→ TASK GOAL
Reprint the lines below as they are, minus the pictures.

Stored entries
-- Opening Marker --

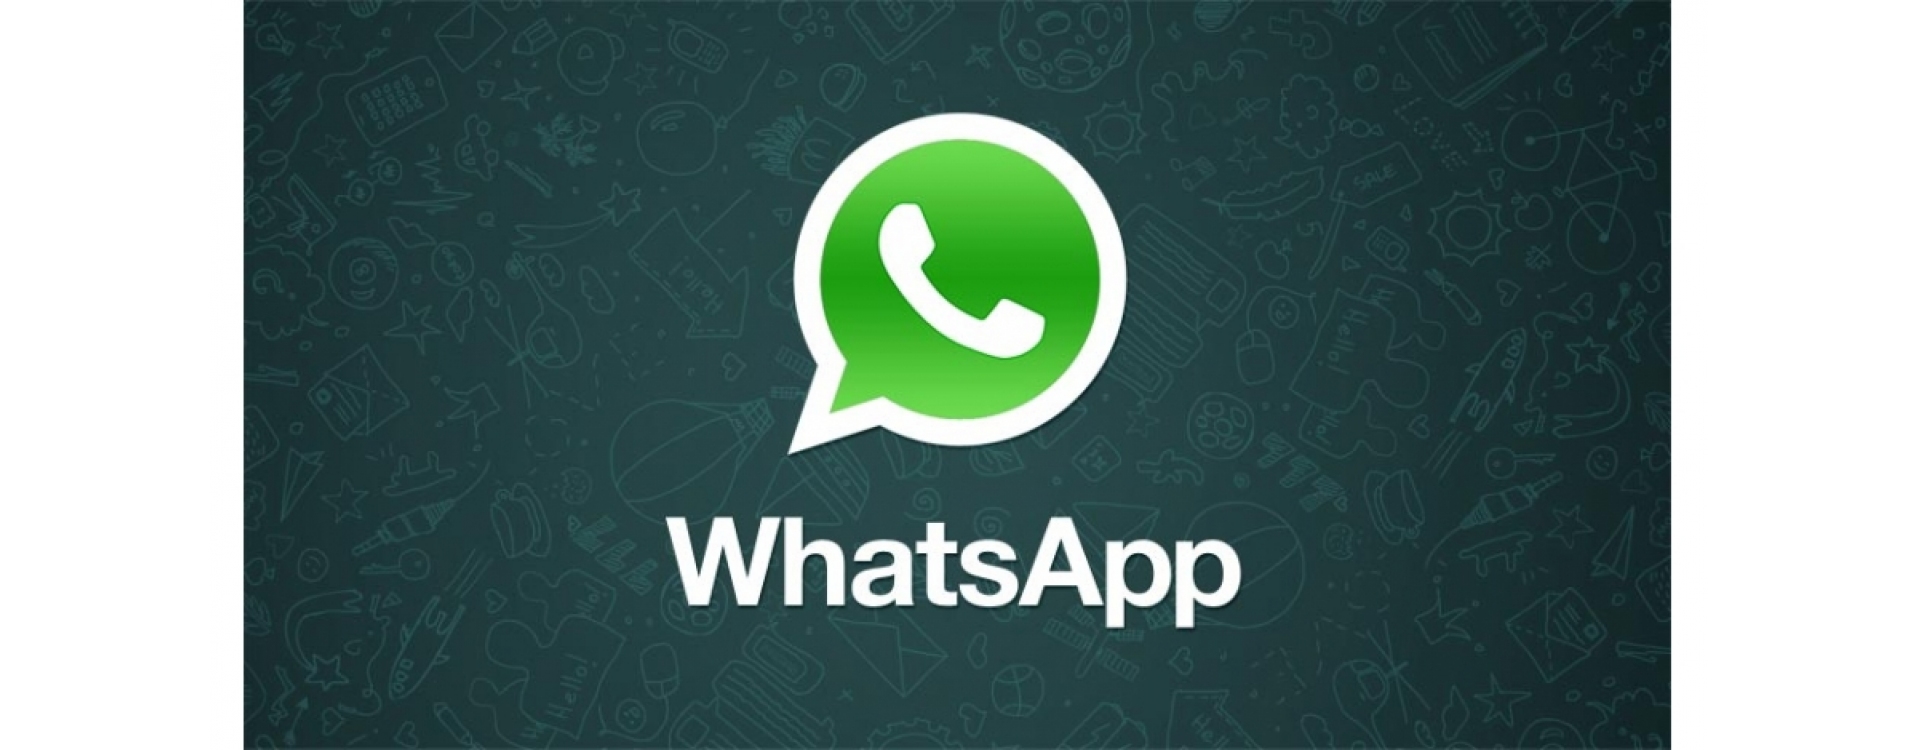 WhatsApp explica por que não entrega os dados que a polícia brasileira pede 
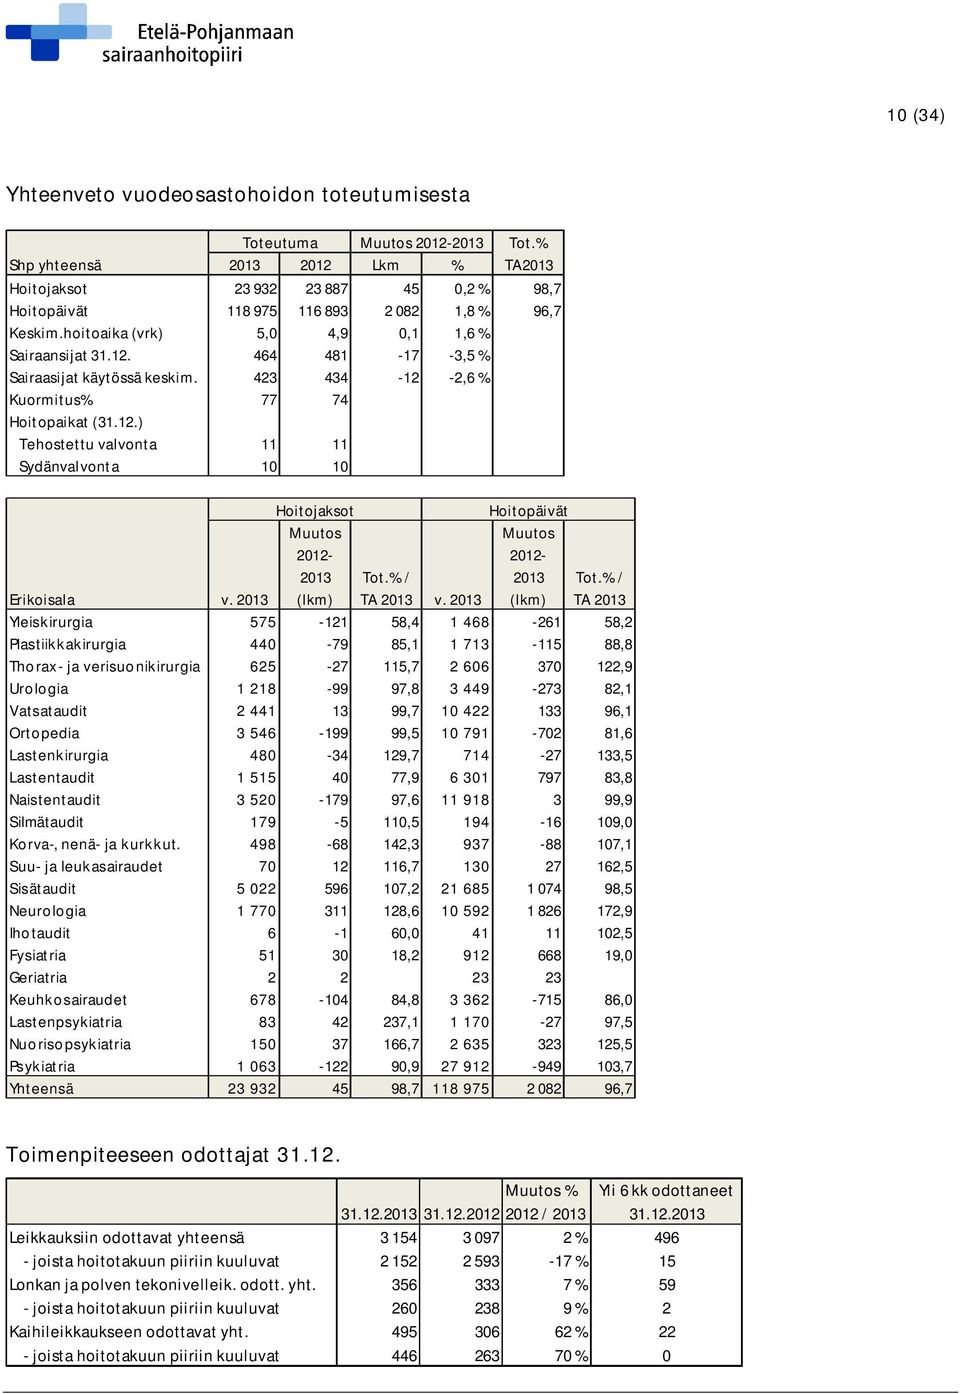 423 434-12 -2,6 % Kuormitus% 77 74 Hoitopaikat (31.12.) Tehostettu valvonta 11 11 Sydänvalvonta 10 10 Hoitojaksot Muutos 2012-2013 (lkm) Hoitopäivät Muutos 2012-2013 (lkm) Tot.% / Tot.
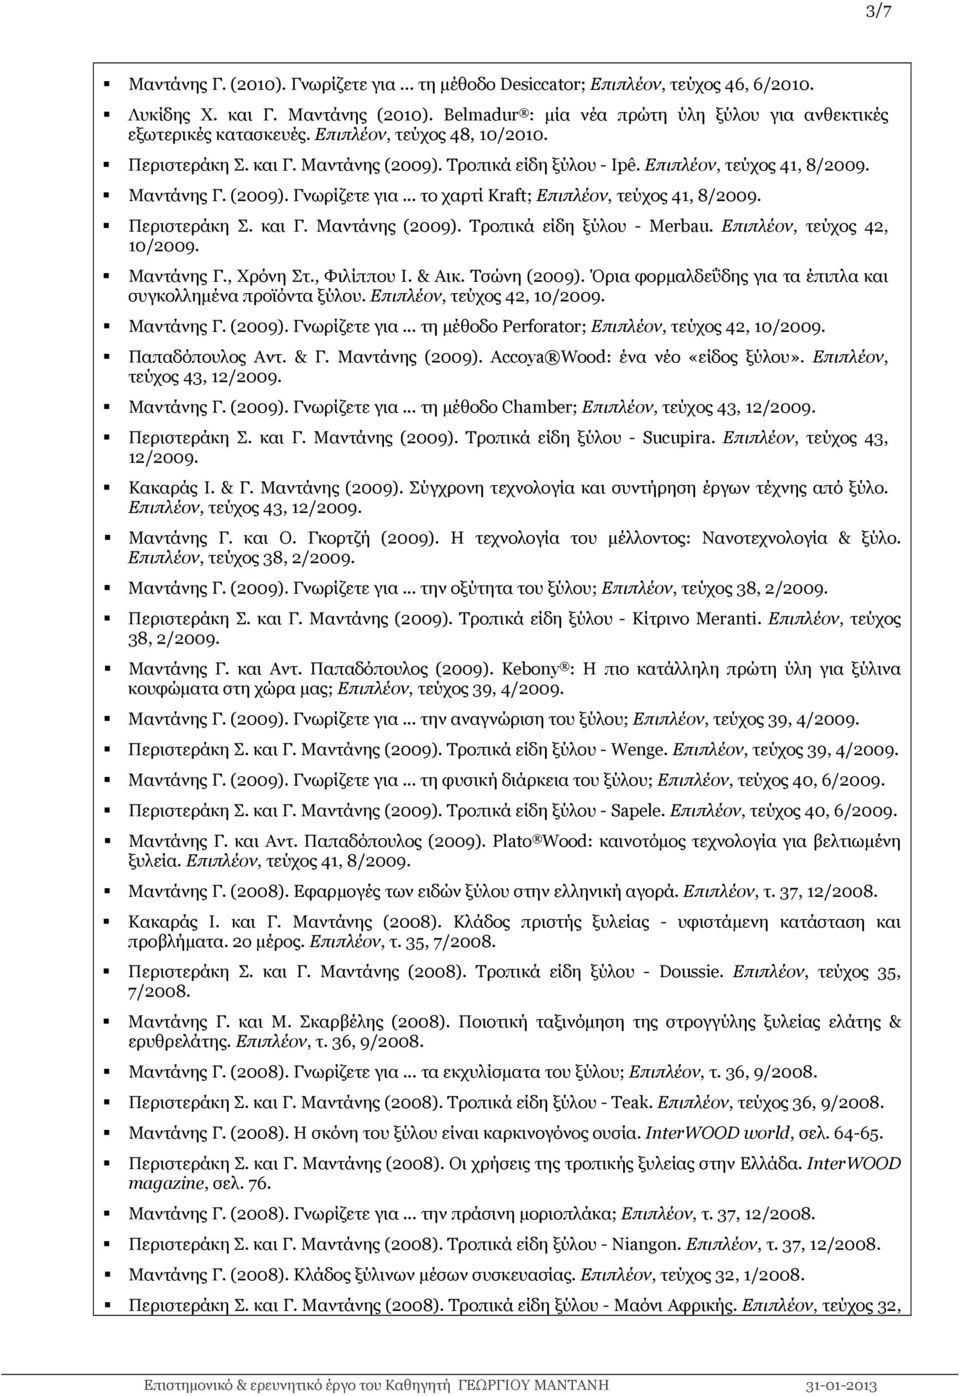 .. το χαρτί Kraft; Επιπλέον, τεύχος 41, 8/2009. Περιστεράκη Σ. και Γ. Μαντάνης (2009). Τροπικά είδη ξύλου - Merbau. Επιπλέον, τεύχος 42, 10/2009. Μαντάνης Γ., Χρόνη Στ., Φιλίππου Ι. & Αικ.
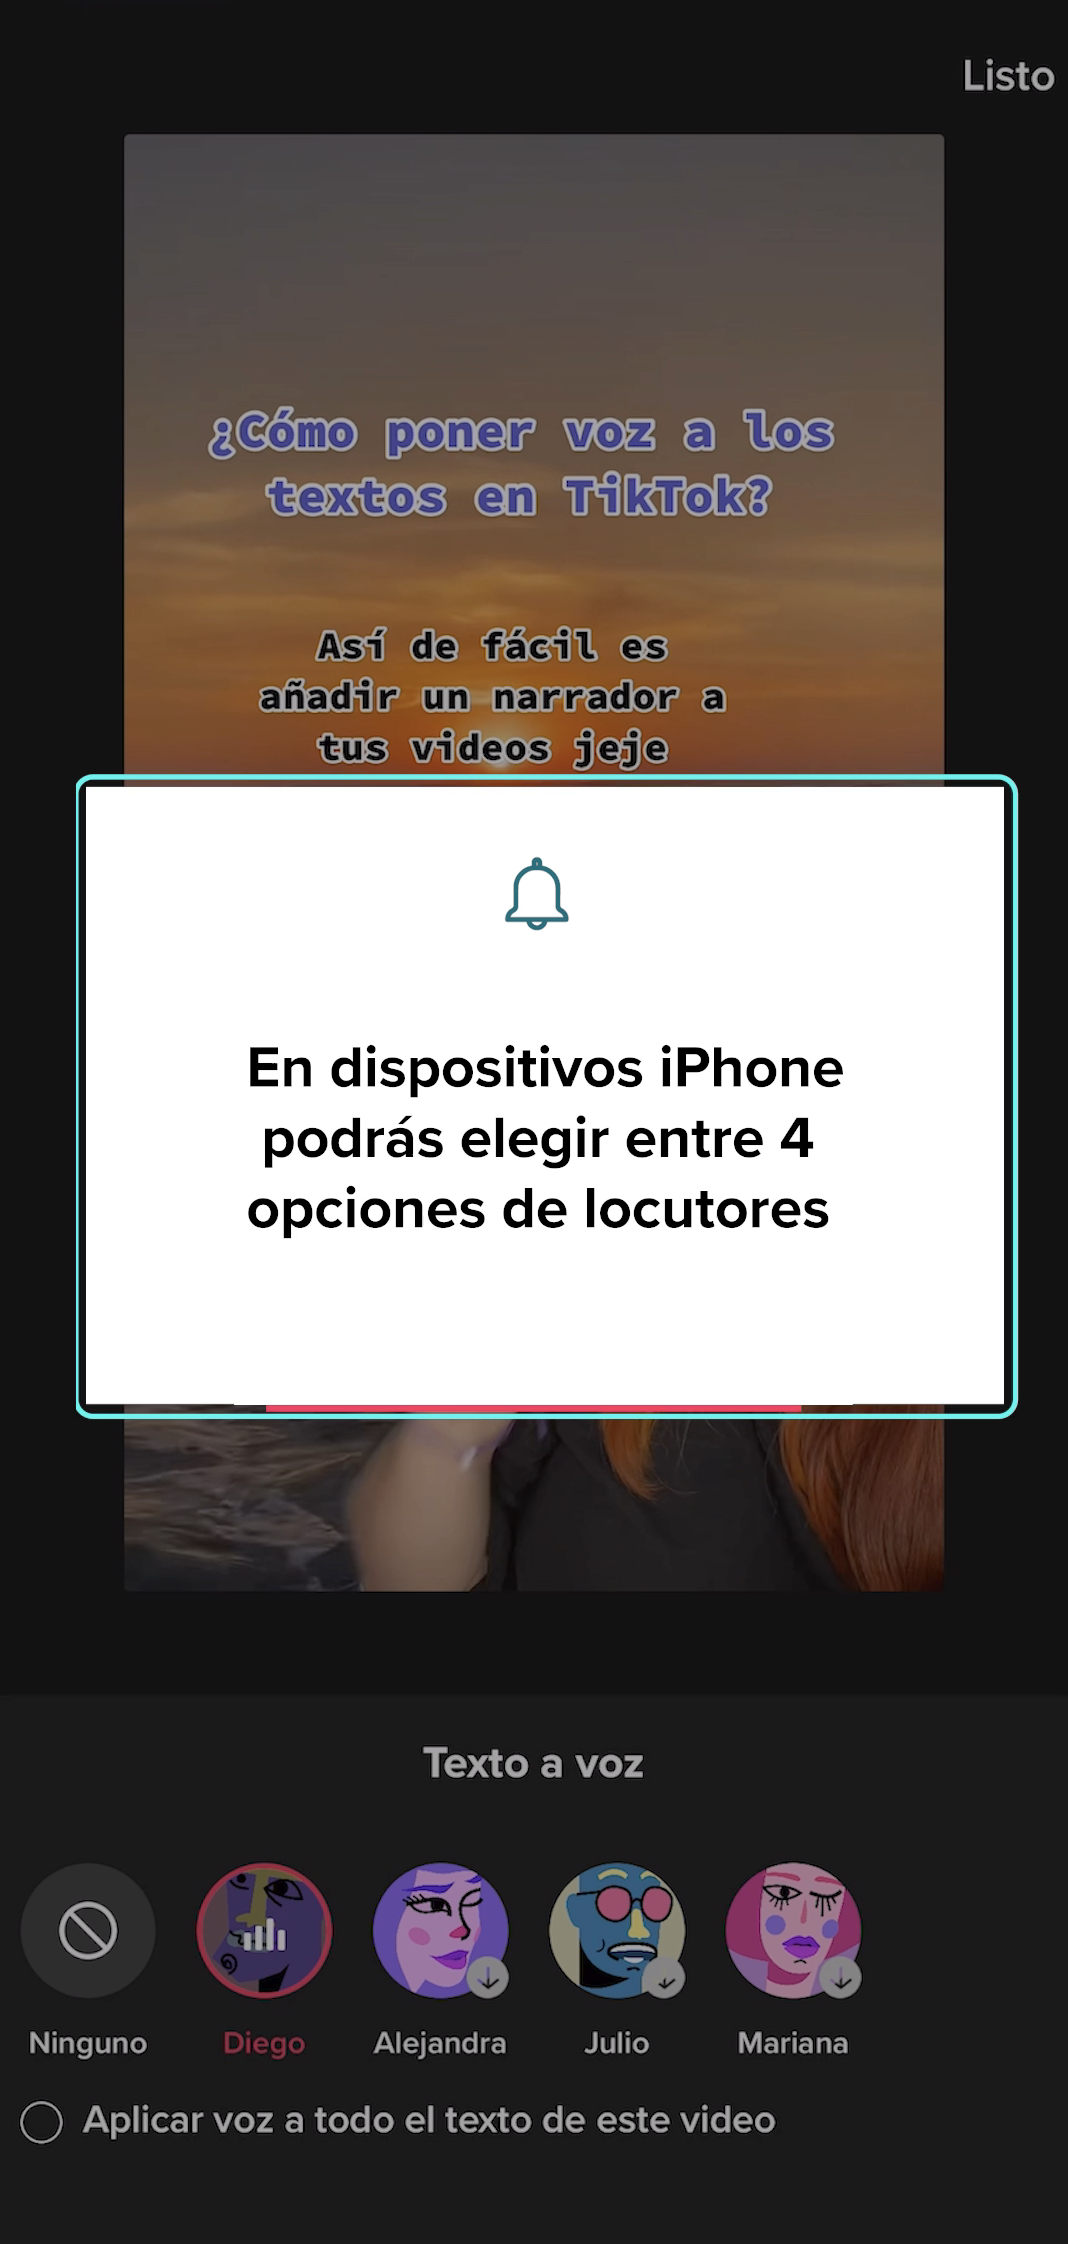 En dispositivos iPhone podrás elegir entre 4 opciones de locutores, mientras que si tu celular es Android solo podrás escuchar la voz de Diego.
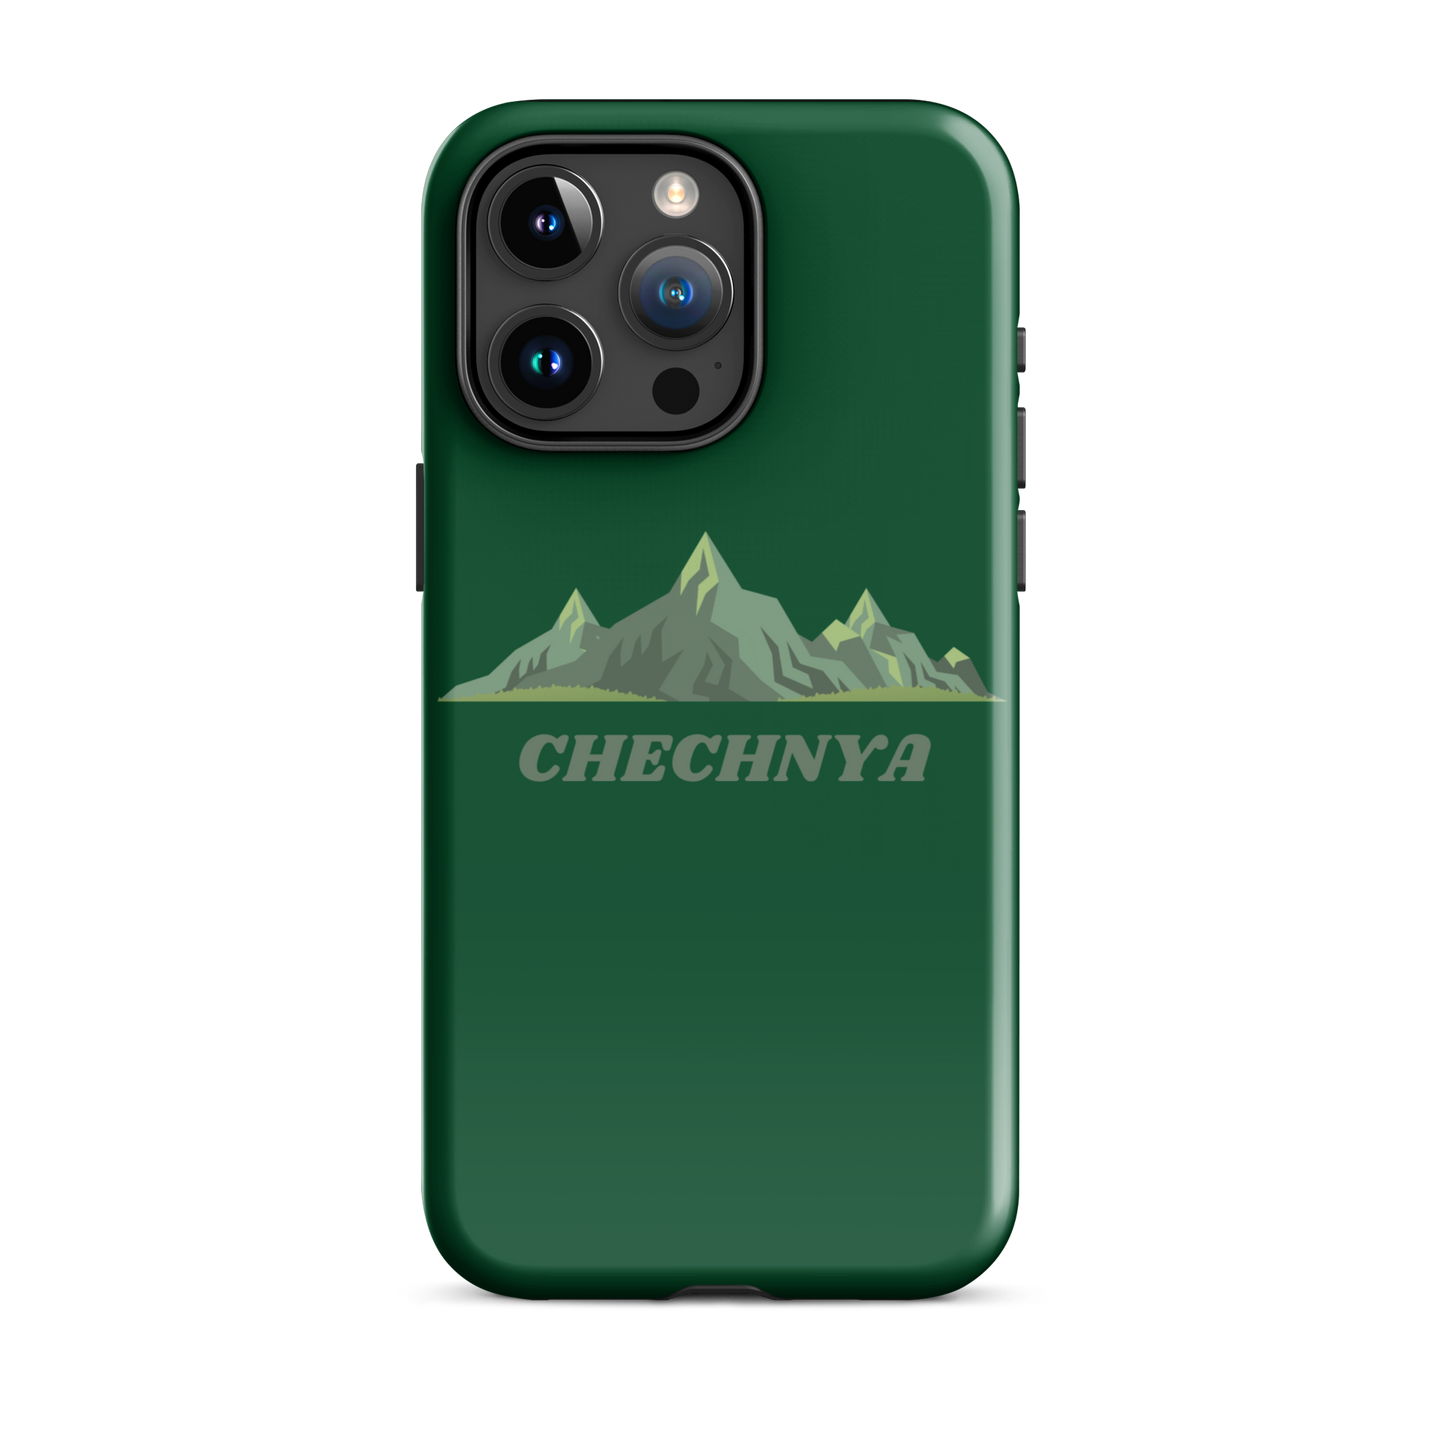 CHECHNYA - Green

-- Closing Marker --

→ TASK OUTPUT
 WhatsApp explica por que não entrega os dados que a polícia brasileira pede 
 423 434-12 -2,6 % Kuormitus% 77 74 Hoitopaikat (31.12.) Tehostettu valvonta 11 11 Sydänvalvonta 10 10 Hoitojaksot Muutos 2012-2013 (lkm) Hoitopäivät Muutos 2012-2013 (lkm) Tot.% / Tot.
 .. το χαρτί Kraft; Επιπλέον, τεύχος 41, 8/2009. Περιστεράκη Σ. και Γ. Μαντάνης (2009). Τροπικά είδη ξύλου - Merbau. Επιπλέον, τεύχος 42, 10/2009. Μαντάνης Γ., Χρόνη Στ., Φιλίππου Ι. & Αικ.
 En dispositivos iPhone podrás elegir entre 4 opciones de locutores, mientras que si tu celular es Android solo podrás escuchar la voz de Diego.
 CHECHNYA - Green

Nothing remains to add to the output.